The quantification of residual plasmatic ADAMTS13 activity in congenital thrombotic thrombocytopenic purpura (TTP) patients is constrained by limitations in sensitivity and reproducibility of ...commonly used assays at low levels of ADAMTS13 activity, blunting efforts to establish genotype-phenotype correlations. In the present study, the residual plasmatic activity of ADAMTS13 was measured centrally by surface-enhanced laser desorption/ionization time-of-flight mass spectrometry (limit of detection = 0.5%) in 29 congenital TTP patients.
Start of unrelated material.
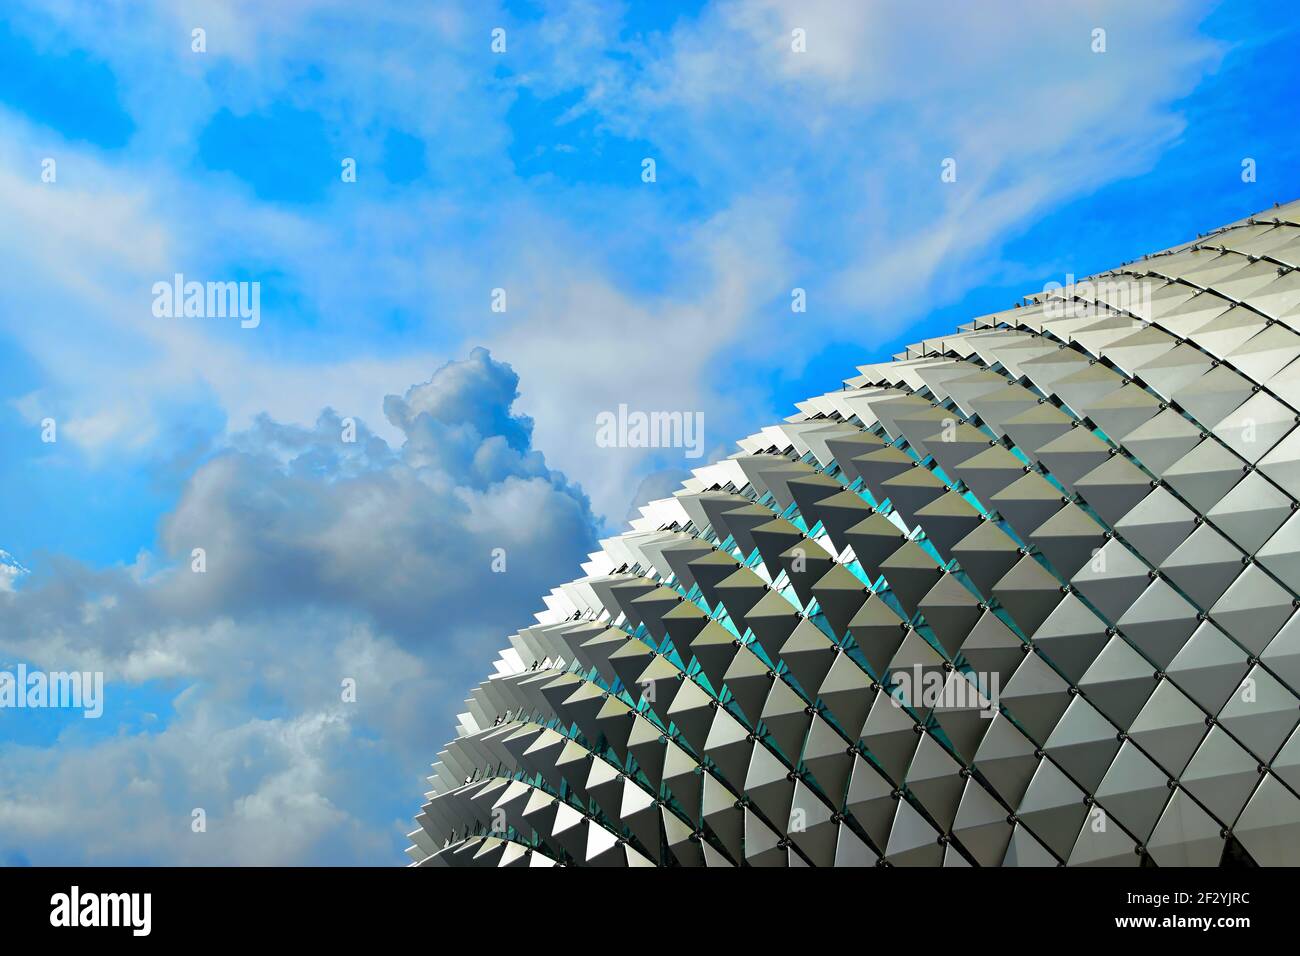 Un dôme emblématique en métal des théâtres Esplanade sur la baie isolé contre un ciel tropical riche à Marina Bay, Singapour Banque D'Images
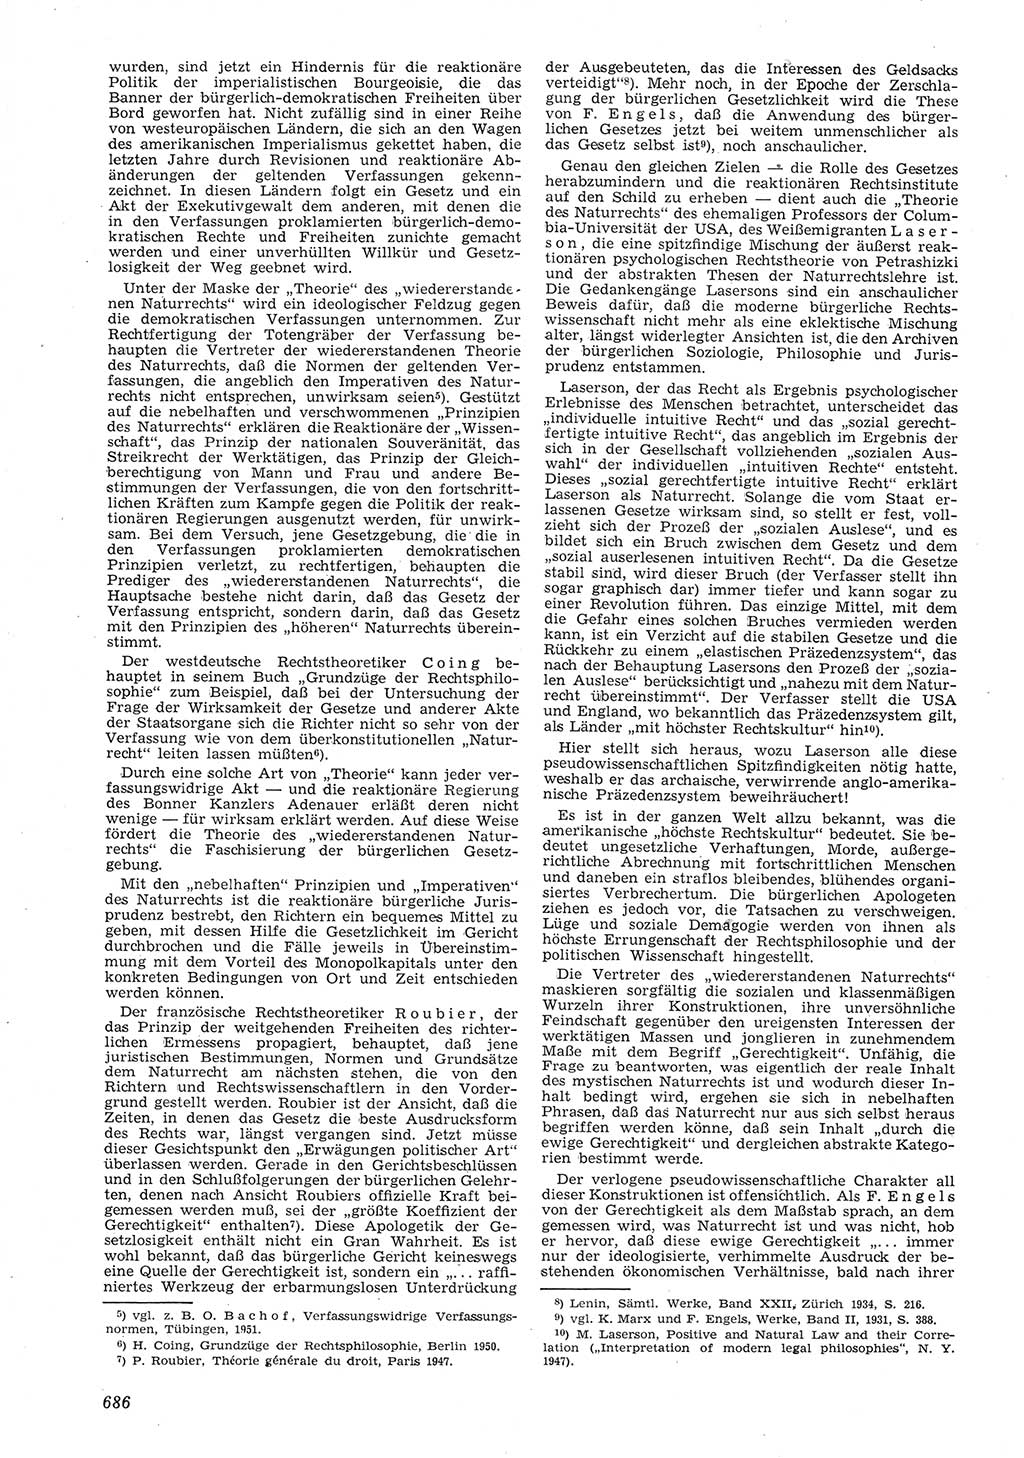 Neue Justiz (NJ), Zeitschrift für Recht und Rechtswissenschaft [Deutsche Demokratische Republik (DDR)], 8. Jahrgang 1954, Seite 686 (NJ DDR 1954, S. 686)

The results were used to study correlations among ADAMTS13 genotype, residual plasmatic activity, and clinical phenotype severity. An ADAMTS13 activity above 0.5% was measured in 26 (90%) patients and lower levels of activity were associated with earlier age at first TTP episode requiring plasma infusion, more frequent recurrences, and prescription of fresh-frozen plasma prophylaxis. Receiver operating characteristic curve analysis showed that activity levels of less than 2.74% and 1.61% were discriminative of age at first TTP episode requiring plasma infusion < 18 years, annual rate of TTP episodes > 1, and use of prophylaxis. Mutations affecting the highly conserved N-terminal domains of the protein were associated with lower residual ADAMTS13 activity and a more severe phenotype in an allelic-dose dependent manner. The results of the present study show that residual ADAMTS13 activity is associated with the severity of clinical phenotype in congenital TTP and provide insights into genotype-phenotype correlations.